Топология каждого дерева начальной загрузки по сравнению с тем из исходного дерева. Любое внутреннее ответвление, которое дает тот же раздел разновидностей, считается. Поскольку ответвления могут быть упорядочены по-другому среди различных деревьев, но все еще представлять тот же раздел разновидностей, необходимо получить каноническую форму для каждого поддерева перед сравнением. Первый шаг должен получить канонические поддеревья исходного дерева с помощью subtree
и методов getcanonical
от Bioinformatics Toolbox™.
for i = num_seqs-1:-1:1 % for every branch, reverse order to preallocate branch_pointer = i + num_seqs; sub_tree = subtree(orig_primates_tree,branch_pointer); orig_pointers{i} = getcanonical(sub_tree); orig_species{i} = sort(get(sub_tree,'LeafNames')); end
Теперь можно получить канонические поддеревья для всех ответвлений каждого дерева начальной загрузки.
for j = num_boots:-1:1 for i = num_seqs-1:-1:1 % for every branch branch_ptr = i + num_seqs; sub_tree = subtree(boot_trees{j},branch_ptr); clusters_pointers{i,j} = getcanonical(sub_tree); clusters_species{i,j} = sort(get(sub_tree,'LeafNames')); end end
Для каждого поддерева в исходном дереве можно рассчитать, сколько раз это появляется в поддеревьях начальной загрузки. Чтобы быть рассмотренными как подобных, они должны иметь ту же топологию и охватить те же разновидности.
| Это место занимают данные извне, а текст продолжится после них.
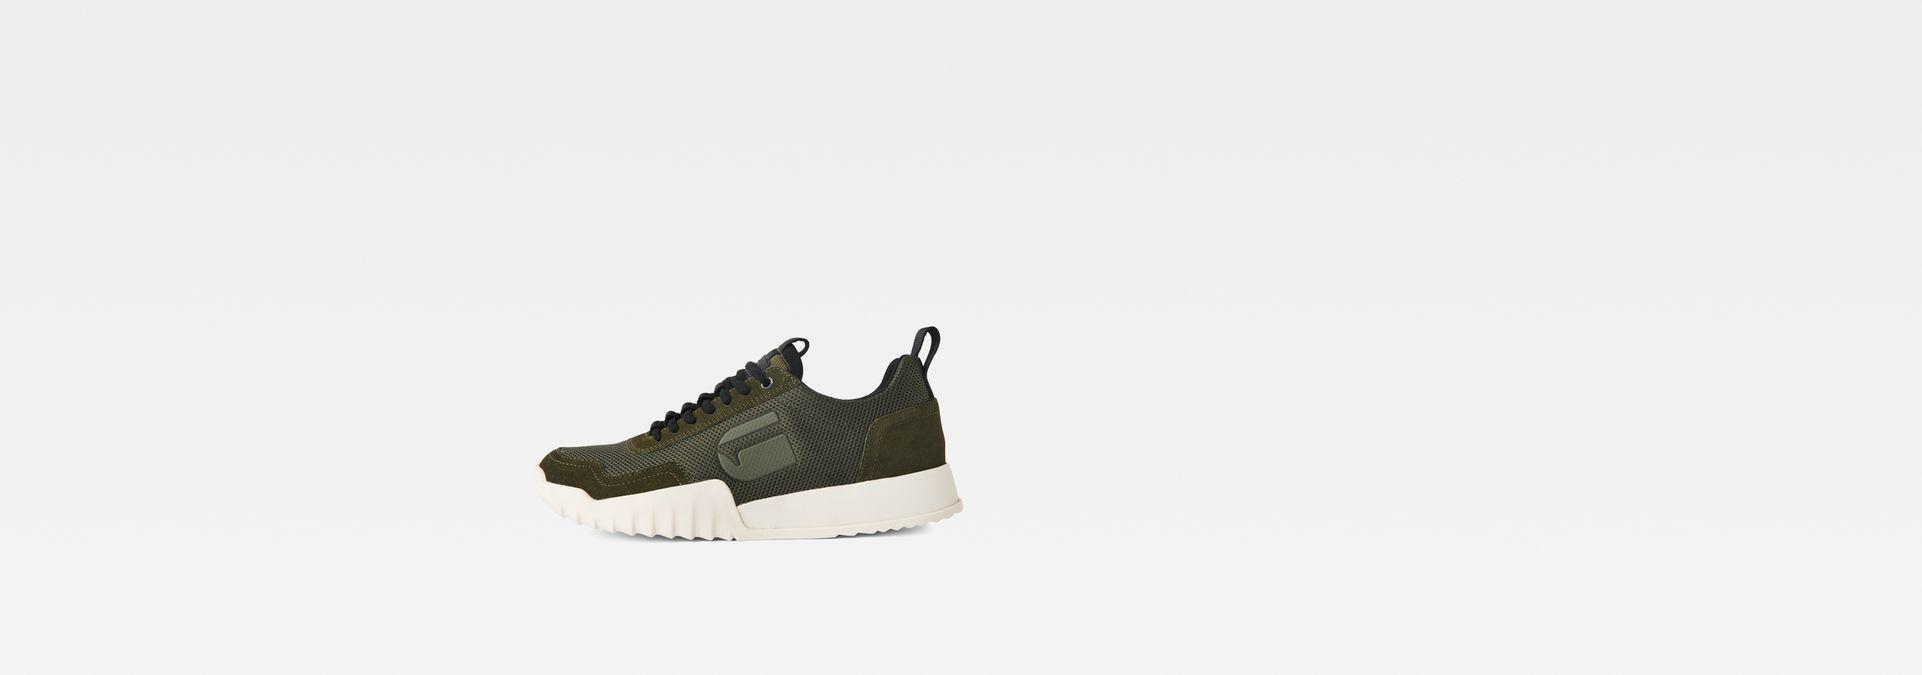 G-Star RAW® Rackam Rovic Sneaker Green side view ... 4eb0d59971615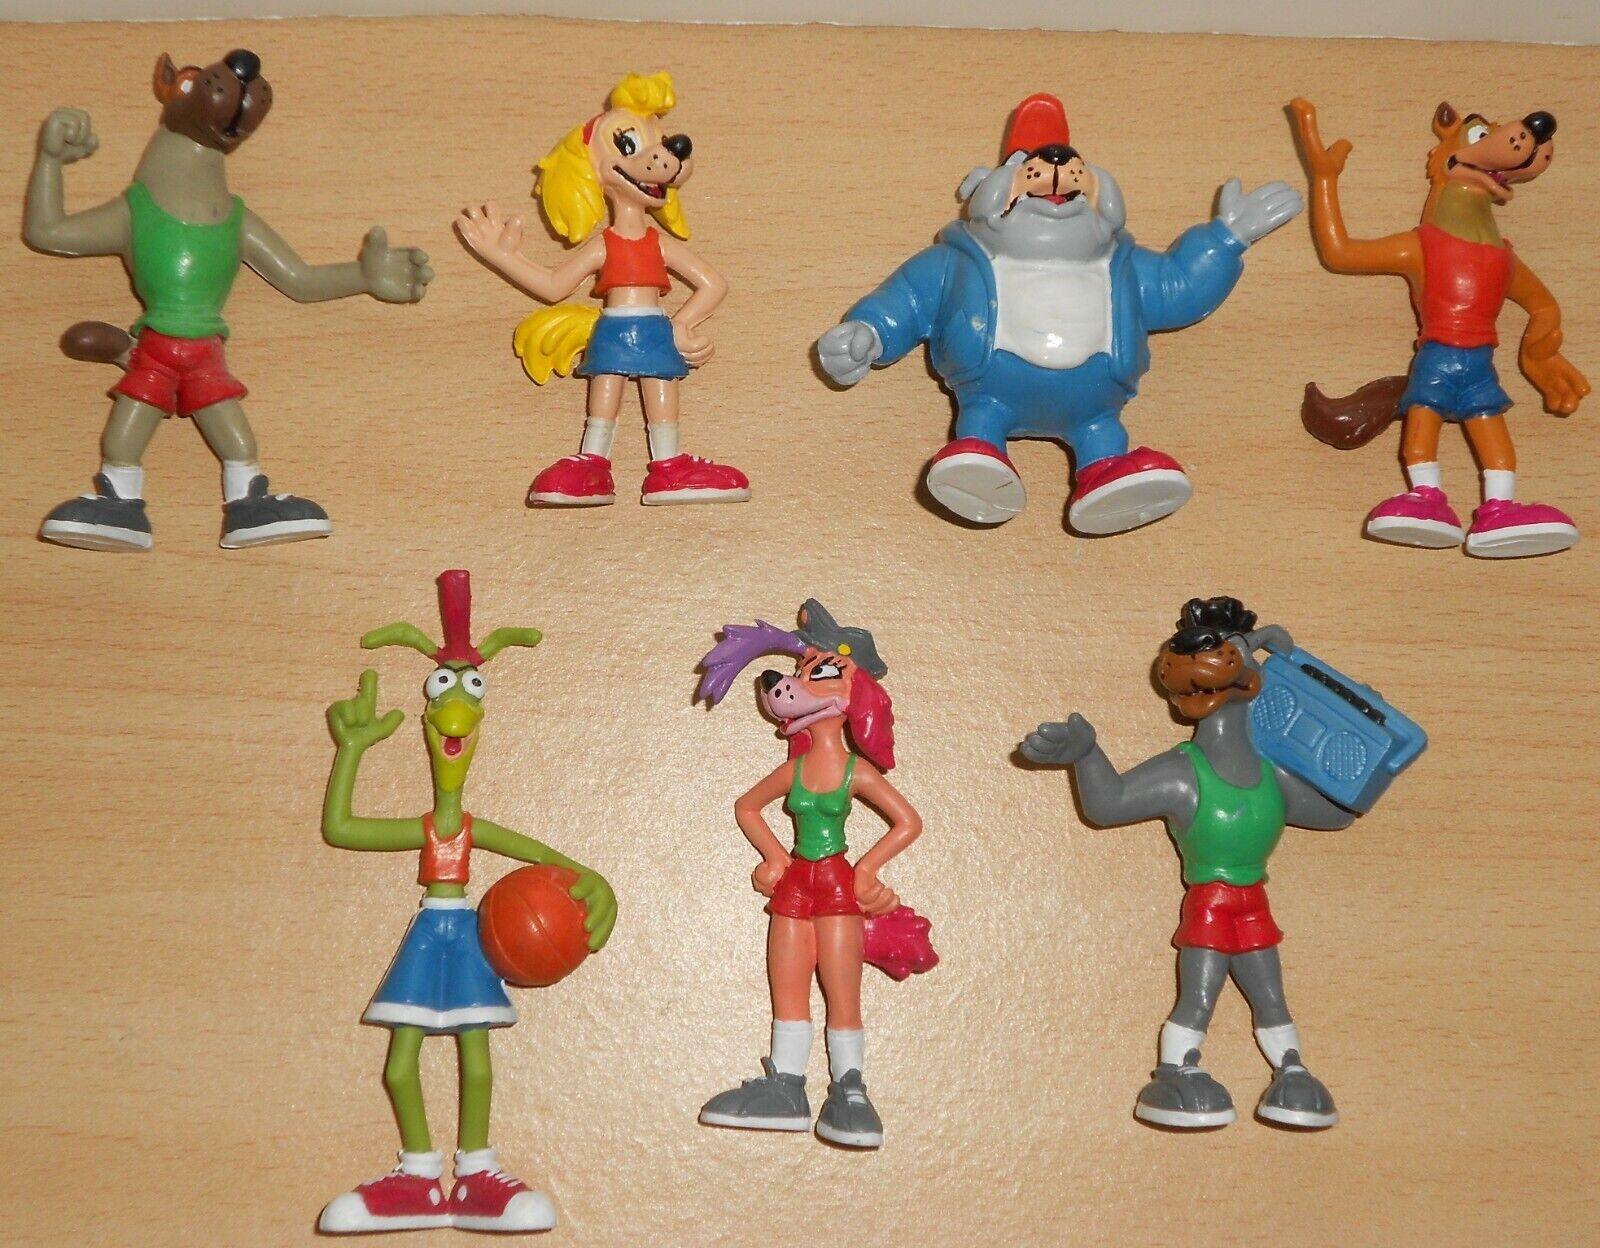 Película de la fiebre Cesta Set Completo Figura Estatuilla Baloncesto NBA década de 1980

count = zeros(num_seqs-1,1); for i = 1 : num_seqs -1 % for every branch for j = 1 : num_boots * (num_seqs-1) if isequal(orig_pointers{i},clusters_pointers{j}) if isequal(orig_species{i},clusters_species{j}) count(i) = count(i) + 1; end end end end Pc = count ./ num_boots % confidence probability (Pc)
Pc = 11×1
1.0000
1.0000
0.9900
0.9900
0.5400
0.5400
1.0000
0.4300
0.3900
0.3900
⋮
Информация об уверенности, сопоставленная с каждым узлом ответвления, может храниться в дереве путем аннотирования имен узла. Таким образом можно создать новое дерево, эквивалентное исходному дереву приматов, и аннотировать имена ответвления, чтобы включать доверительные уровни, вычисленные выше. phytreeviewer
отображает эти данные во всплывающих подсказках, когда мышь наведена по внутренним узлам дерева.
[ptrs,dist,names] = get(orig_primates_tree,'POINTERS','DISTANCES','NODENAMES'); for i = 1:num_seqs -1 % for every branch branch_ptr = i + num_seqs; names{branch_ptr} = [names{branch_ptr} ', confidence: ' num2str(100*Pc(i)) ' %']; end tr = phytree(ptrs,dist,names)
Phylogenetic tree object with 12 leaves (11 branches)
Можно выбрать узлы ответвления с доверительным уровнем, больше, чем данный порог, например, 0.9, и просмотреть эти соответствующие узлы в приложении Phylogenetic Tree. Можно также выбрать эти узлы ответвления в интерактивном режиме в рамках приложения.
high_conf_branch_ptr = find(Pc > 0.9) + num_seqs; view(tr, high_conf_branch_ptr)
[1] Фелзенштайн, J., "выводя филогении", Sinaur Associates, Inc., 2004.
[2] Nei, M. и Кумар, S., "Молекулярный Evolution и Phylogenetics", издательство Оксфордского университета. Глава 4, 2000.